At all points in the install phase, system disk-related
problems can
result in failures and aborts that require user analysis
to determine
proper responses. Since install processes rarely attempt
a detailed
verification of the underlying hardware, the user must
often rely
upon past history to select an appropriate error recovery
procedure
(i.e., the presumption is that the install would be
performed only
on a fully operational system).
A successful install process does not guarantee that
the system disk
is completely operational.

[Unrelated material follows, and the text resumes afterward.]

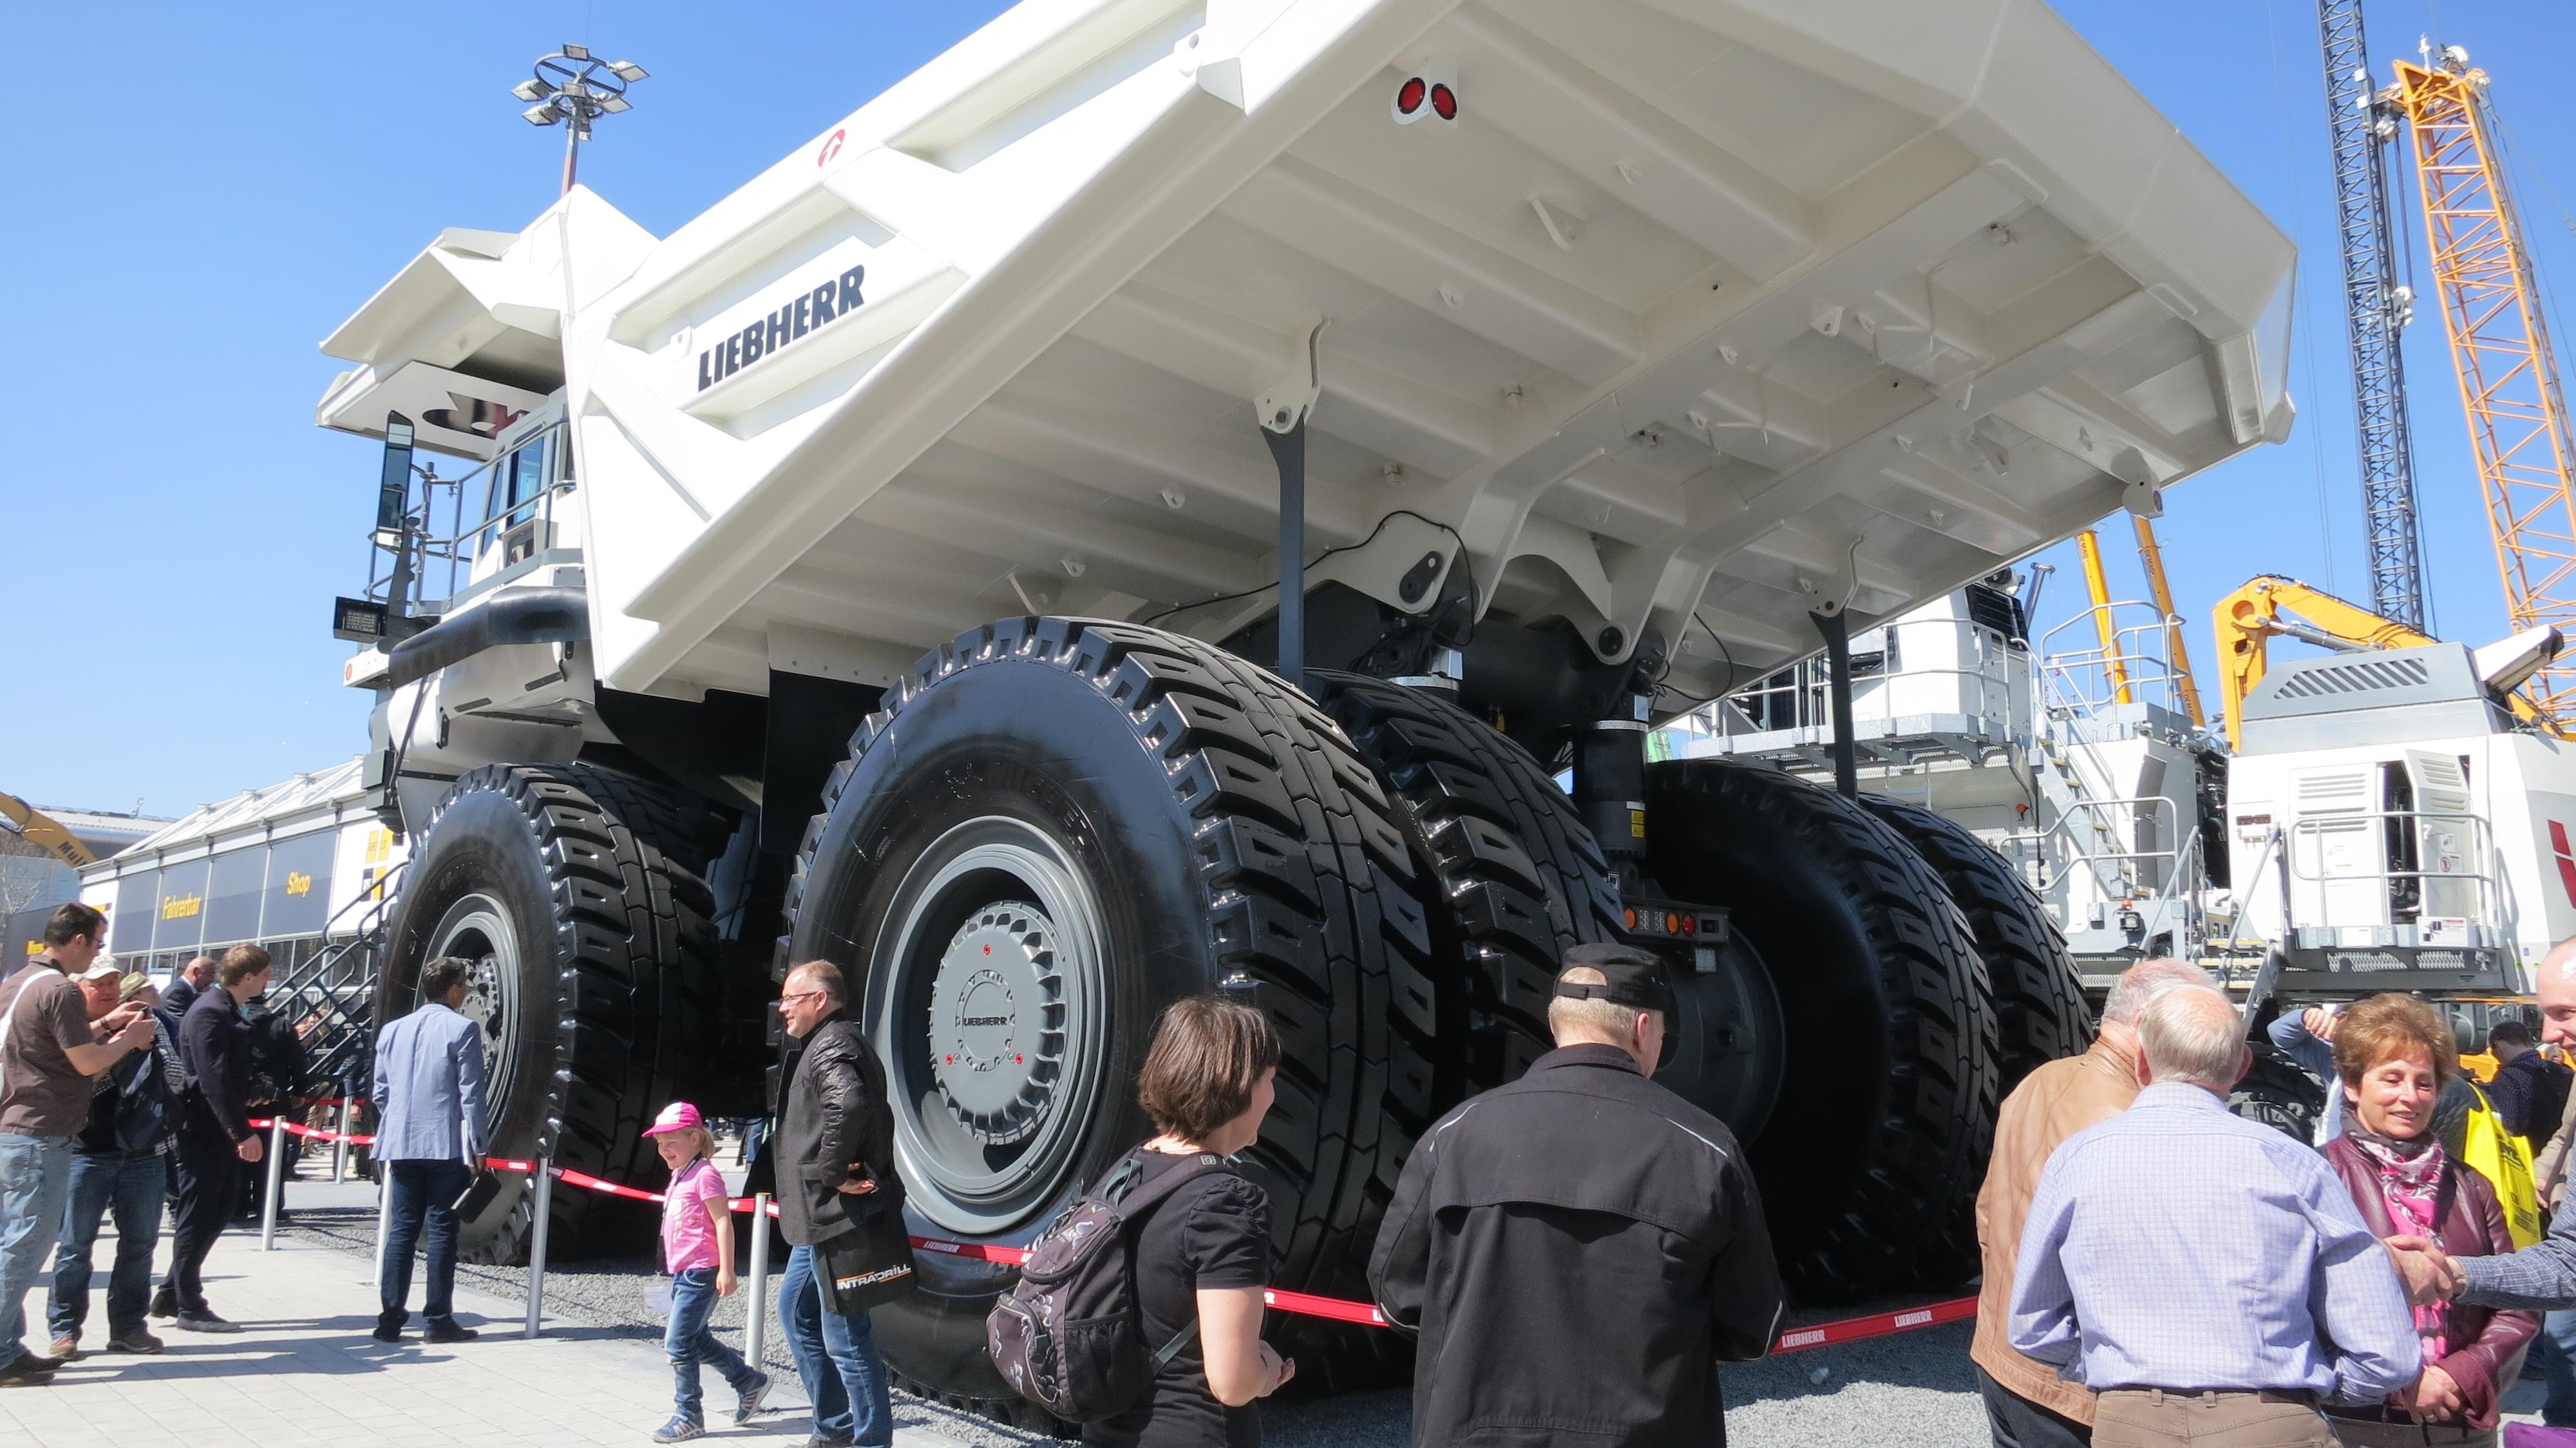 Liebherr truck

The install process transfers
files to
the system disk and prepares it for normal operation,
a procedure
which requires many storage operations that are not
followed by the
retrieval operations that would normally detect disk-related
errors.
Errors encountered after a successful install may actually
relate
back to the time of the install.
Since fsck may be the only diagnostic tool to used by
the install
process to check system disk operability, errors reported
in an install
should result in a more detailed test of the host computer
and attached
storage devices (some computer system vendors provide
very detailed
system operability test packages). You should not, under
such circumstances,
attempt to continue the install process.
A full destructive surface analysis of the media before
installing
an operating system on a SCSI disk or after subsequent
disk-related
errors have been encountered will detect most latent
media-related
errors that could cause "install" phase and
future errors.
This will also require that the user re-install the
operating system.
The following are useful guidelines for the install
phase:
If an error is reported by the system disk or any other
hardware component, analyze the problem to see if a
service call is
necessary (can the error be corrected via simple user
action?).
If the install has been corrupted by the reporting of
an error, try re-starting the install process.

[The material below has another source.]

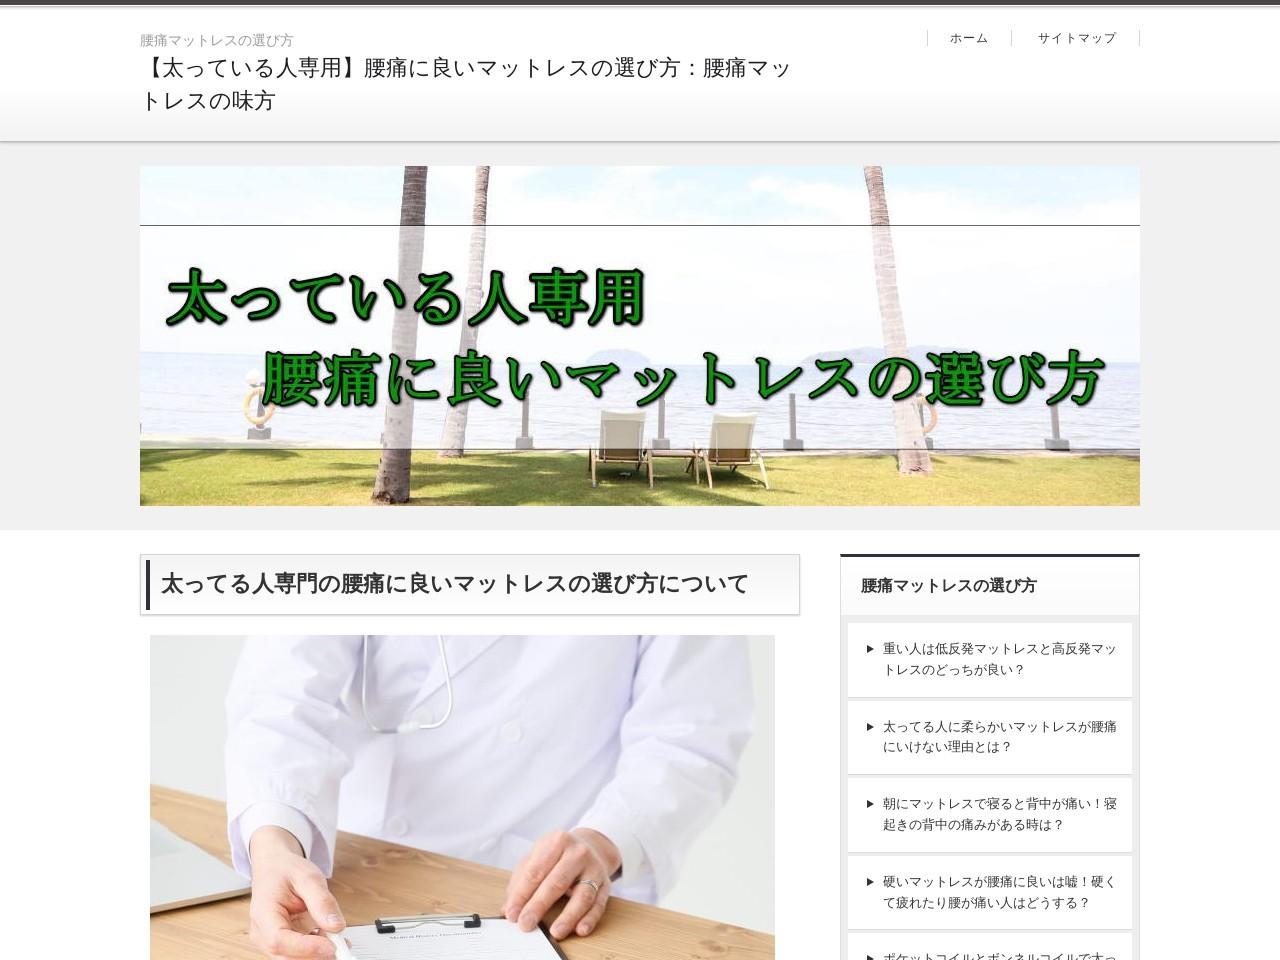 医療法人まどか  鳥取八丁目歯科診療所 (北海道釧路市)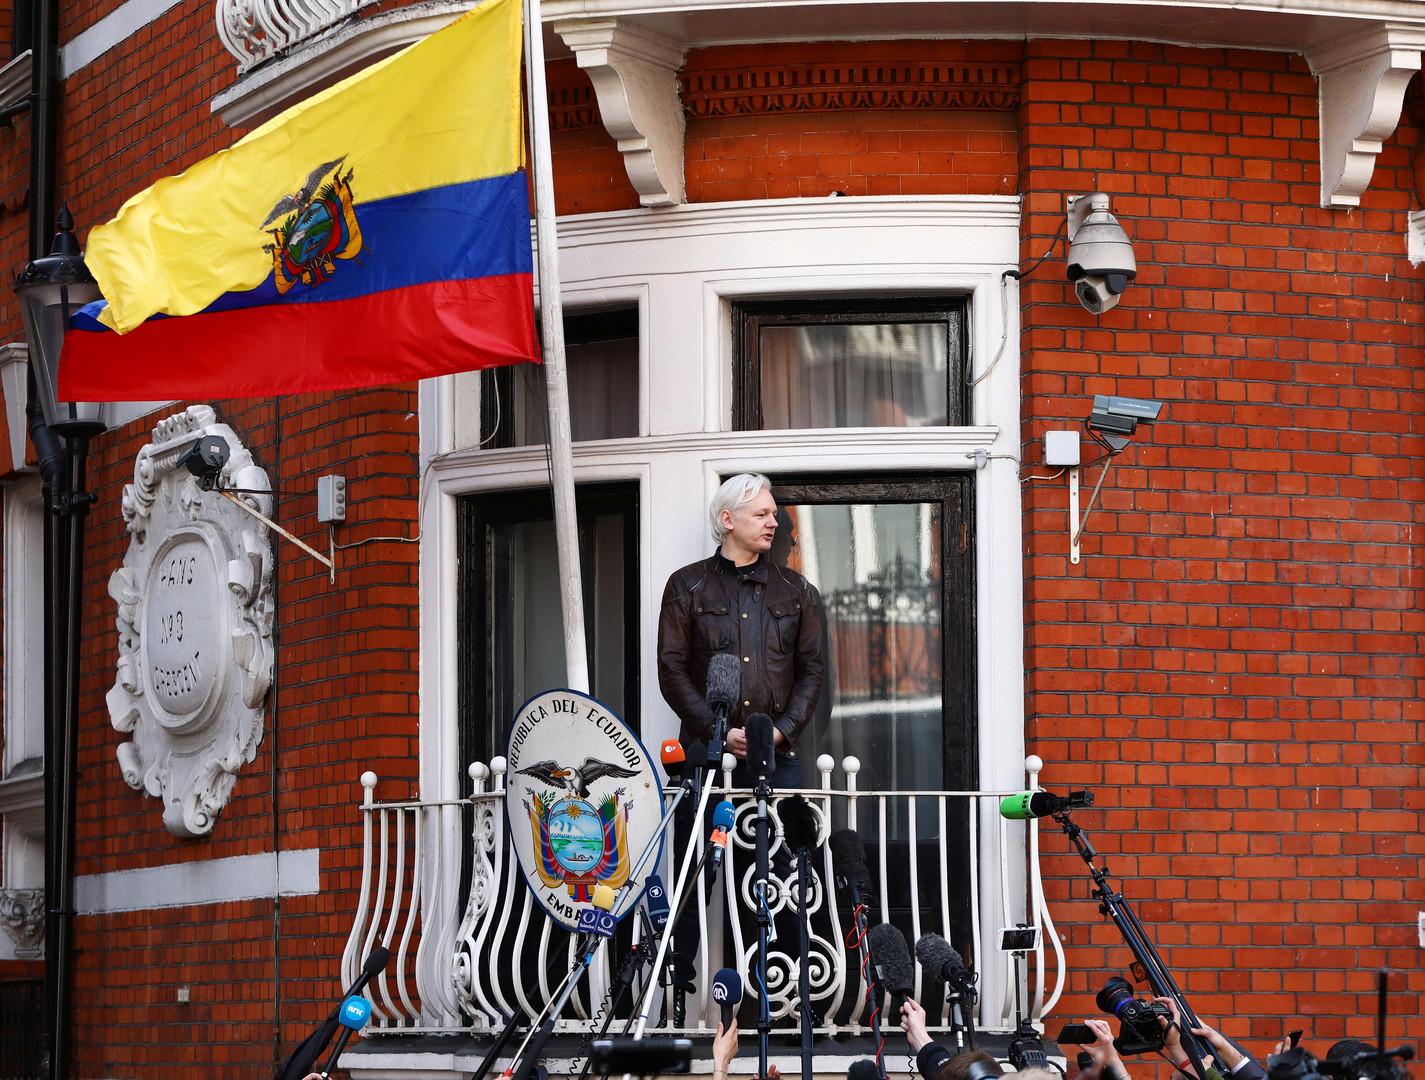 وزير إكوادوري سابق: الحديث عن وجود روس على علاقة بأسانج من اختراع حكومة الإكوادور

If fsck has reported errors, the likely suspect
is the underlying storage device, since it is allegedly
operable,
a new file system has just been built on it, and little
time has passed
for data loss or corruption to occur.
If the install has not completed or initial checks have
not performed successfully, take the system down to
single-user mode
and use fsck as a diagnostic probe.
Consider any errors that occur during an install phase
to be indicative of an abnormal condition.
Bring-up Phase
Presuming the successful completion of an install, the
system will
at some time be booted and a "bring-up" phase
initiated. During
this phase the function of fsck is again a very quick
check
of file system inconsistencies. If minor problems are
found, fsck
may be able to correct them and continue. If not, the
"bring-up"
process may require that fsck be run independently,
i.e., some repair actions
will be necessary.
fsck is important here because the system may have been
shut
down incorrectly, may have encountered a "panic"
condition,
or may have shut down due to errors or equipment modifications.
Earlier
statements regarding fsck apply here as well, but there
is
one notable additional factor -- recorded past history
in the system
log.
Problems reported by fsck during a bring-up phase should
prompt
the user to scan the system log for device-related errors.
Both "soft" and "hard" errors should
be analyzed,
since soft errors can evolve into hard errors.

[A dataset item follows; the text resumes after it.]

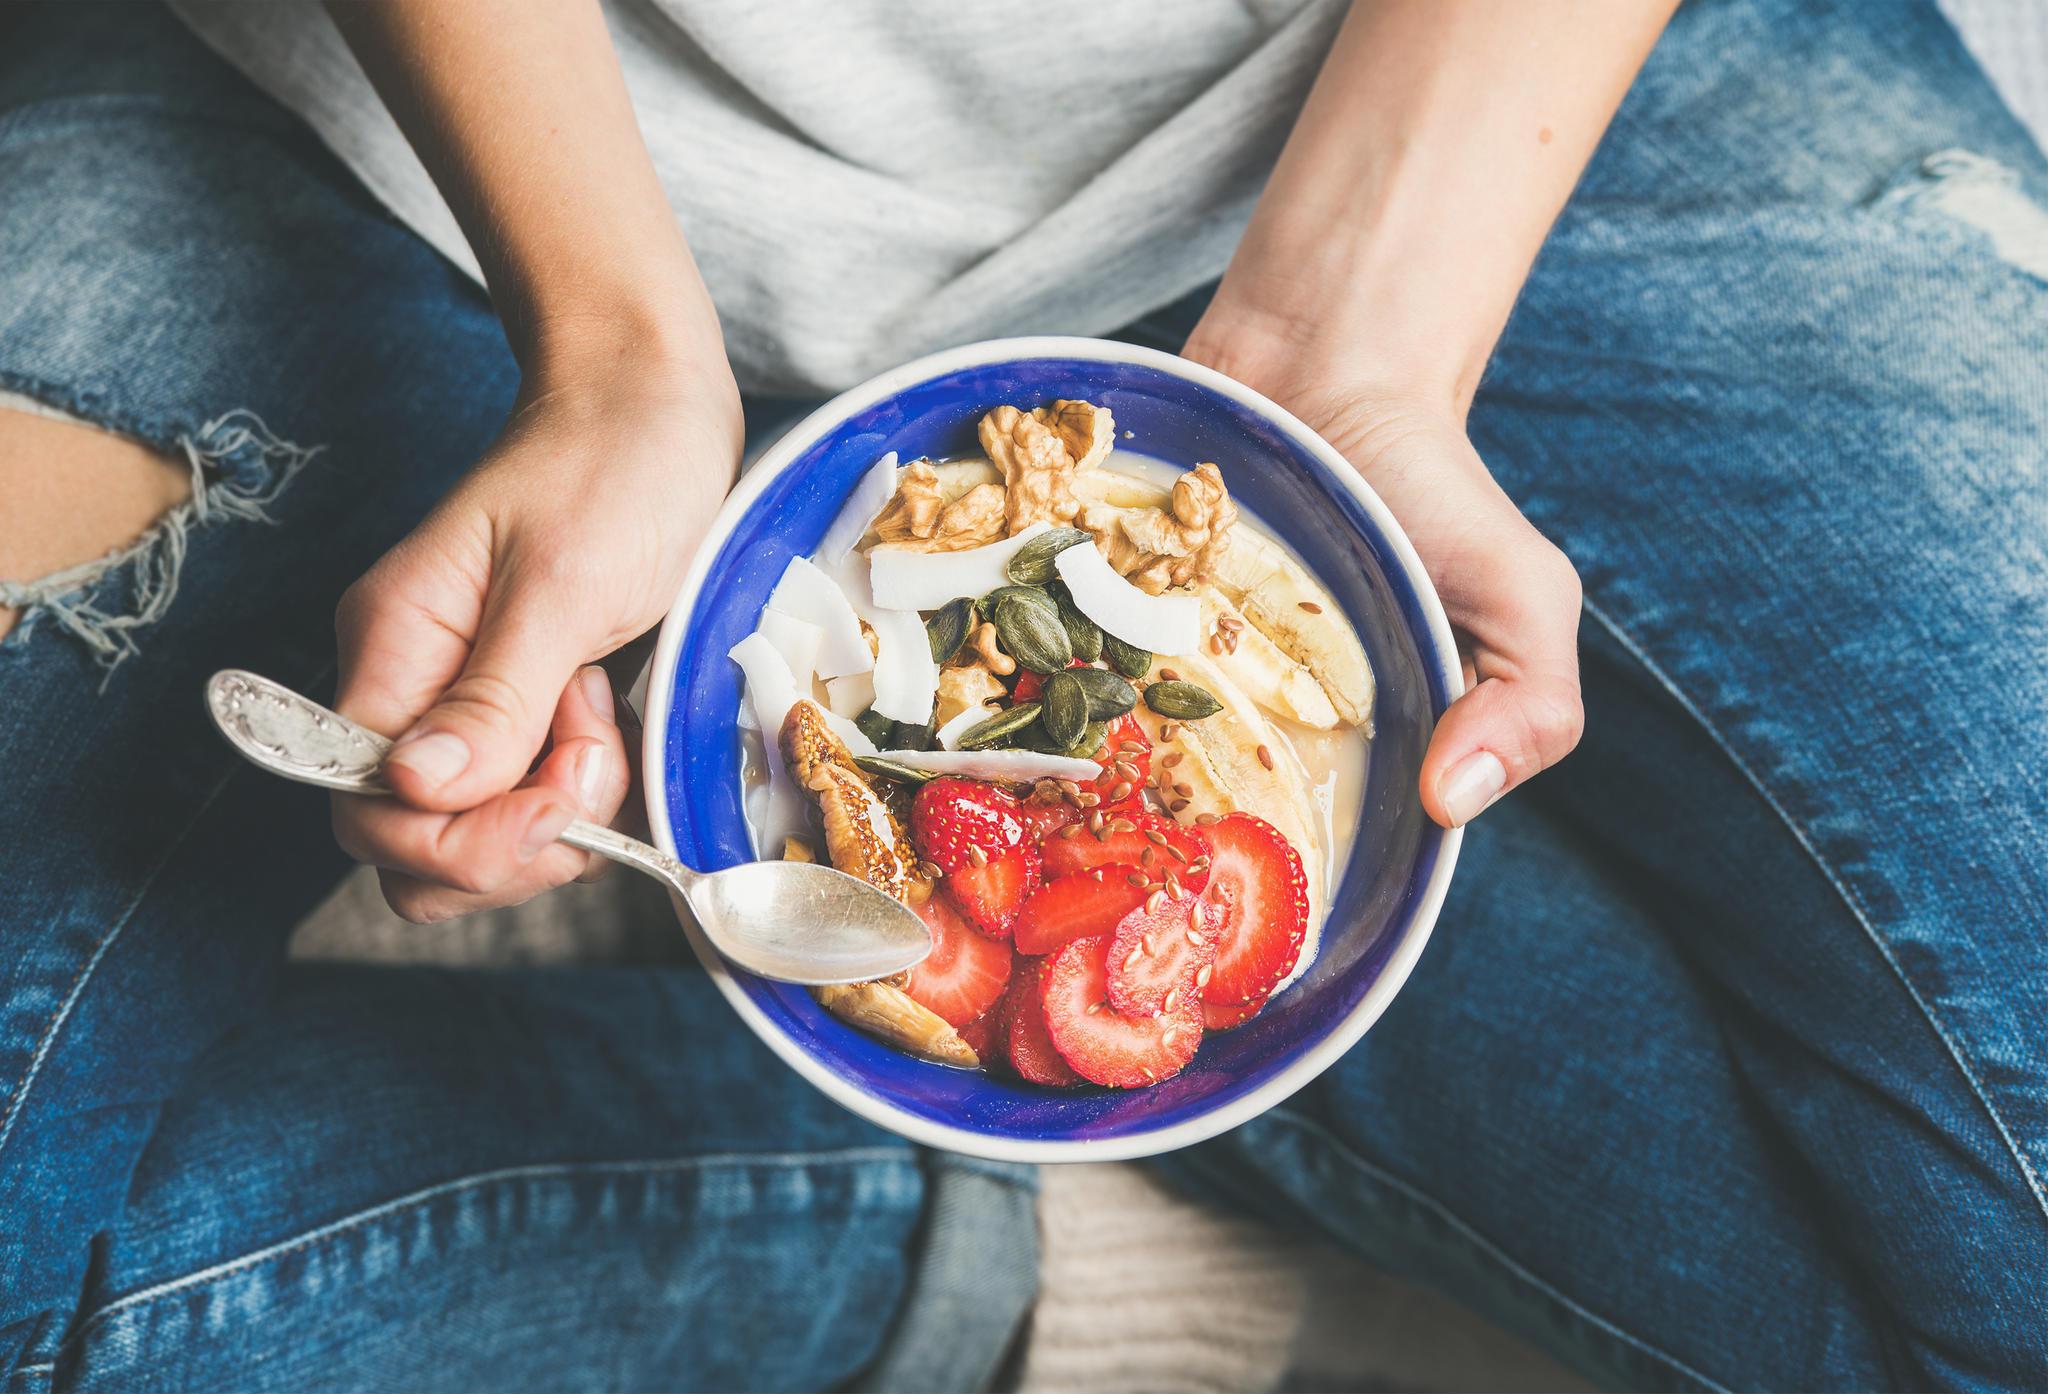 Clean Eating im Check: Was taugt der Ernährungstrend? | STERN.de

Where difficult errors are present, especially those
affecting the
system disk, a suggested approach is to boot an operating
system image
over the net or from a local CDROM device, or integrate
into the host
computer a known good disk containing an operating system,
and use
it to perform further checking and data recovery.
Problem Determination
fsck is not a particularly useful tool for problem determination.
Errors reported by fsck require a good deal of interpretation
based upon intimate knowledge of the file system and
the underlying
storage device. Such errors should always be analyzed
in conjunction
with the system log, past history, experience, and a
good backup/restore
facility. The proper next step is rarely obvious from
the query/responses
provided by fsck.
Maintenance
Preventive and predictive maintenance procedures should
use fsck
to probe for file system inconsistencies. Such procedures
should first
perform full media "non-destructive" testing
to ensure that
no blocks are accessible that could cause a future "hard"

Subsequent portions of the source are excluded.